____ DATA IN THIS EXERCISE
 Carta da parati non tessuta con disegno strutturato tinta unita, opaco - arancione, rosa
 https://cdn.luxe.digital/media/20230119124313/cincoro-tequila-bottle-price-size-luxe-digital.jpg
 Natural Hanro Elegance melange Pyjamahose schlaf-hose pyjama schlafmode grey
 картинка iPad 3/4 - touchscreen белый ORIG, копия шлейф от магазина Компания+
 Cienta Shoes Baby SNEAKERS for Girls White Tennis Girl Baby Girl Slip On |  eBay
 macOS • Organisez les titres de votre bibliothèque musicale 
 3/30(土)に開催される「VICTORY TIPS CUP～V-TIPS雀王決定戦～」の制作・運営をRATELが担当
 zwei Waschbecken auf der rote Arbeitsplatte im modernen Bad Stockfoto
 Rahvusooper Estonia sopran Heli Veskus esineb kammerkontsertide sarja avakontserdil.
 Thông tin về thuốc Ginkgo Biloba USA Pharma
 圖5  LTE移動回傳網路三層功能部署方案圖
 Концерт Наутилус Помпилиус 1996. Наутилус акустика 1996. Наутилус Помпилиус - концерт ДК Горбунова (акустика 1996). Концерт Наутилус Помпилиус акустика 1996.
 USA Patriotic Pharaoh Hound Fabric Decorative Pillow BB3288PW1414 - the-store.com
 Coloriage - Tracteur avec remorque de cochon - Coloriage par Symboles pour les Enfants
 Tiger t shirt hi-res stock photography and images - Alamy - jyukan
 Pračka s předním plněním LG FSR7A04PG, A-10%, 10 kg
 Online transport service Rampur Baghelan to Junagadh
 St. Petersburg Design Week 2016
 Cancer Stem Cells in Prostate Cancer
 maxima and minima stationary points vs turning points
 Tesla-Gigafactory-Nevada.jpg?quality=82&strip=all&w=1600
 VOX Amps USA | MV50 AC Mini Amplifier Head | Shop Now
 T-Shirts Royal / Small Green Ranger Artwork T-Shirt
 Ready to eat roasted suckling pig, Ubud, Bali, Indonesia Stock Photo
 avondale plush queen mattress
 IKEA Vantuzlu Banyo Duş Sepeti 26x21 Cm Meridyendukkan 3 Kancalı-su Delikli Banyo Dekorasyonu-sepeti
________
**TASK STATEMENT**
From the records above, print only the lines between the one holding "картинка iPad 3/4" and the one holding "Coloriage - Tracteur", inclusive, exactly as they stand.

**ANSWER TO THE EXERCISE**
 картинка iPad 3/4 - touchscreen белый ORIG, копия шлейф от магазина Компания+
 Cienta Shoes Baby SNEAKERS for Girls White Tennis Girl Baby Girl Slip On |  eBay
 macOS • Organisez les titres de votre bibliothèque musicale 
 3/30(土)に開催される「VICTORY TIPS CUP～V-TIPS雀王決定戦～」の制作・運営をRATELが担当
 zwei Waschbecken auf der rote Arbeitsplatte im modernen Bad Stockfoto
 Rahvusooper Estonia sopran Heli Veskus esineb kammerkontsertide sarja avakontserdil.
 Thông tin về thuốc Ginkgo Biloba USA Pharma
 圖5  LTE移動回傳網路三層功能部署方案圖
 Концерт Наутилус Помпилиус 1996. Наутилус акустика 1996. Наутилус Помпилиус - концерт ДК Горбунова (акустика 1996). Концерт Наутилус Помпилиус акустика 1996.
 USA Patriotic Pharaoh Hound Fabric Decorative Pillow BB3288PW1414 - the-store.com
 Coloriage - Tracteur avec remorque de cochon - Coloriage par Symboles pour les Enfants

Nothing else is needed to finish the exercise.